Another study conducted across 24 syringe exchange sites in California also found that greater syringe access did not increase unsafe syringe disposal. In fact, the greater the access to syringes, the more likely people are to dispose of them in safe locations.
Comparing two cities with different syringe access policies, a study by Hansel Tookes and colleagues in 2012 found that San Francisco—a city with syringe access programs—had a much lower density of improperly discarded syringes than Miami, a city that at the time had no syringe access programs. In a survey with participants in both cities, 1% of people who used injection drugs in San Francisco reported discarding syringes in a public place in the previous 30 days, while 45% reported doing so in Miami. In San Francisco, 80% of all syringes were disposed at syringe access locations.
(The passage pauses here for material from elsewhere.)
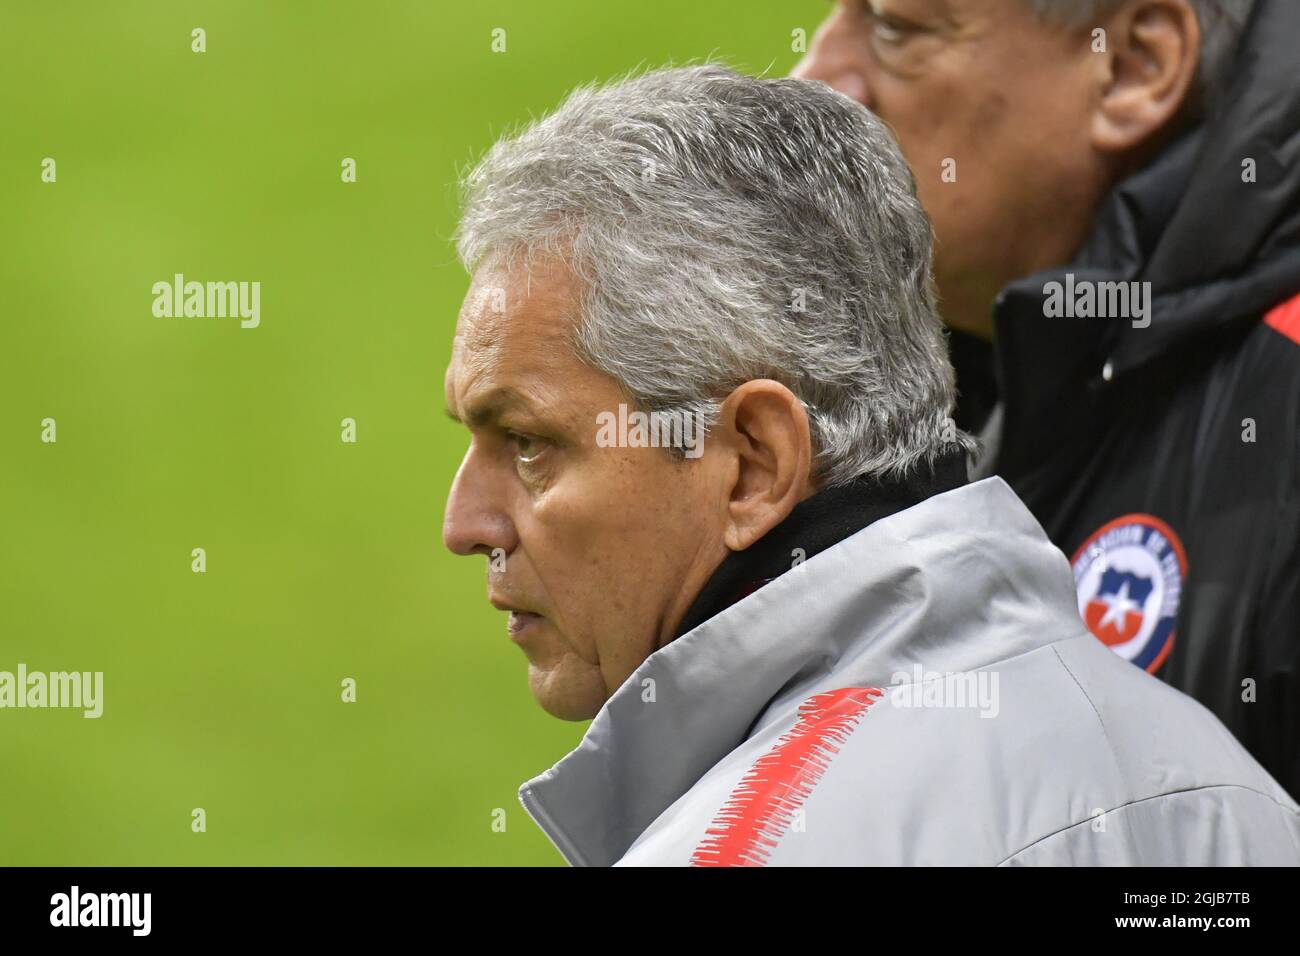 Chile's national soccer team coach Reinaldo Rueda looks on during a training session at Friends Arena in Stockholm, Sweden, on March 23, 2018. Chile will meet Sweden for a friendly game tomorrow, March 24. Photo: Jonas Ekstromer / TT / code 10030  Stock Photo
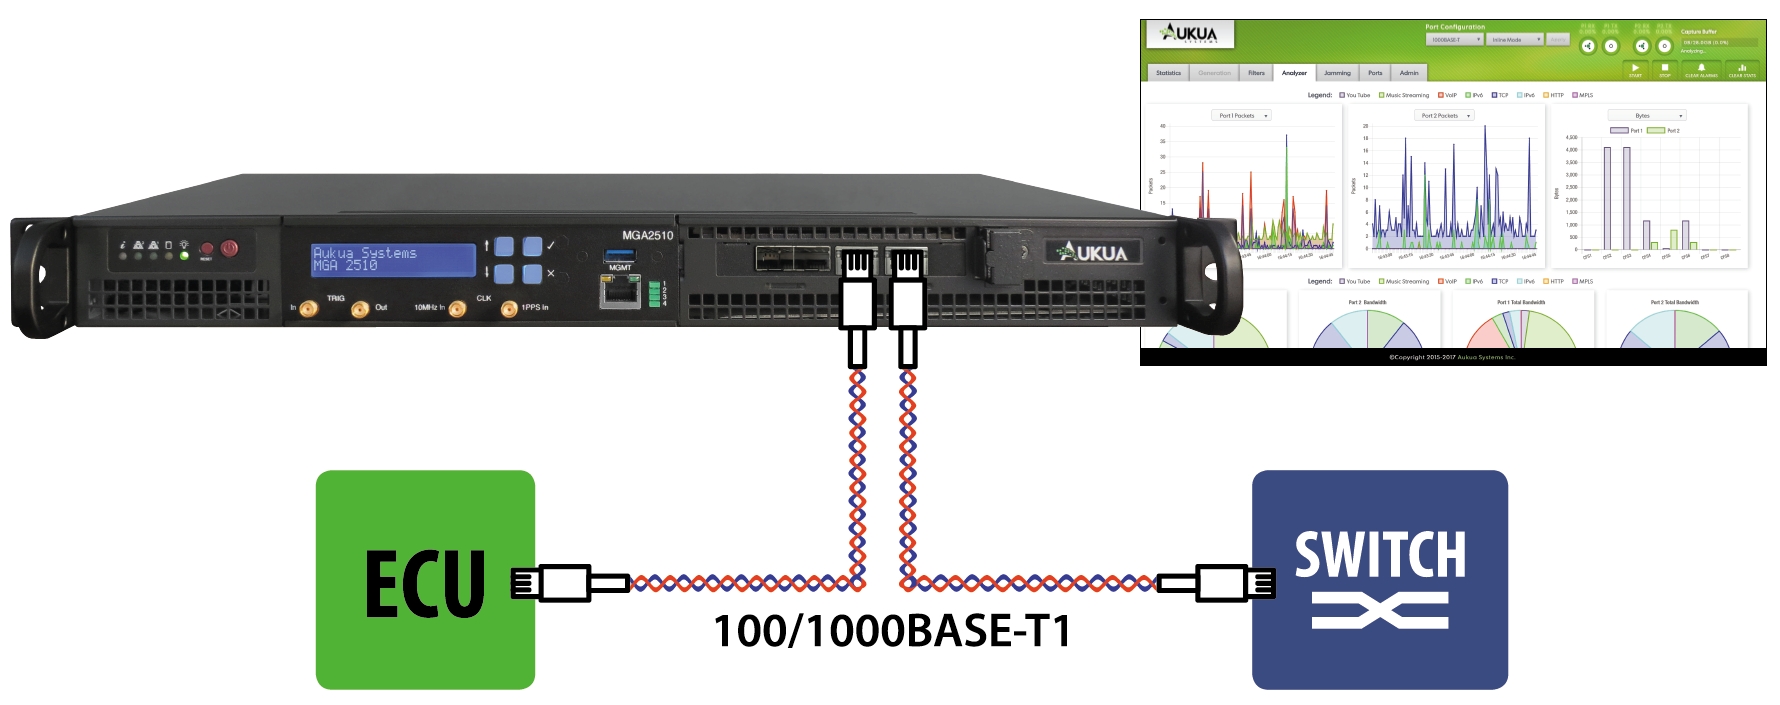 Example deployment of MGA2510 Automotive Ethernet Test Solution

“We found eight times the number of syringes on walkthroughs in Miami as compared to San Francisco. Our surveys of IDUs [injection drug users] in both cities corroborated the walkthrough data, showing that IDUs in Miami are much more likely to dispose of syringes in public places than IDUs in San Francisco… These results suggest that NSPs [needle and syringe programs] are a significant means of collecting used syringes and do not increase the amount of publically discarded used syringes,” the authors said.
Blumenthal, R. and others. Sterile syringe access conditions and variations in HIV risk among drug injectors in three cities. Addiction, 2004.
Blumenthal, R. and others. Higher syringe coverage is associated with lower odds of HIV risk and does not increase unsafe syringe disposal among syringe exchange program clients. Drug and Alcohol Dependency. 2007.
Duvnjak, A. and others. ‘No one likes using the dirties.’ Australian Injecting and Illicit Drug Users League. 2015.
Heimer, R. and others. Syringe use and reuse: Effects of syringe exchange programs in four cities. Journal of Acquired Immune Deficiency Syndromes and Human Retrovirology. 1998.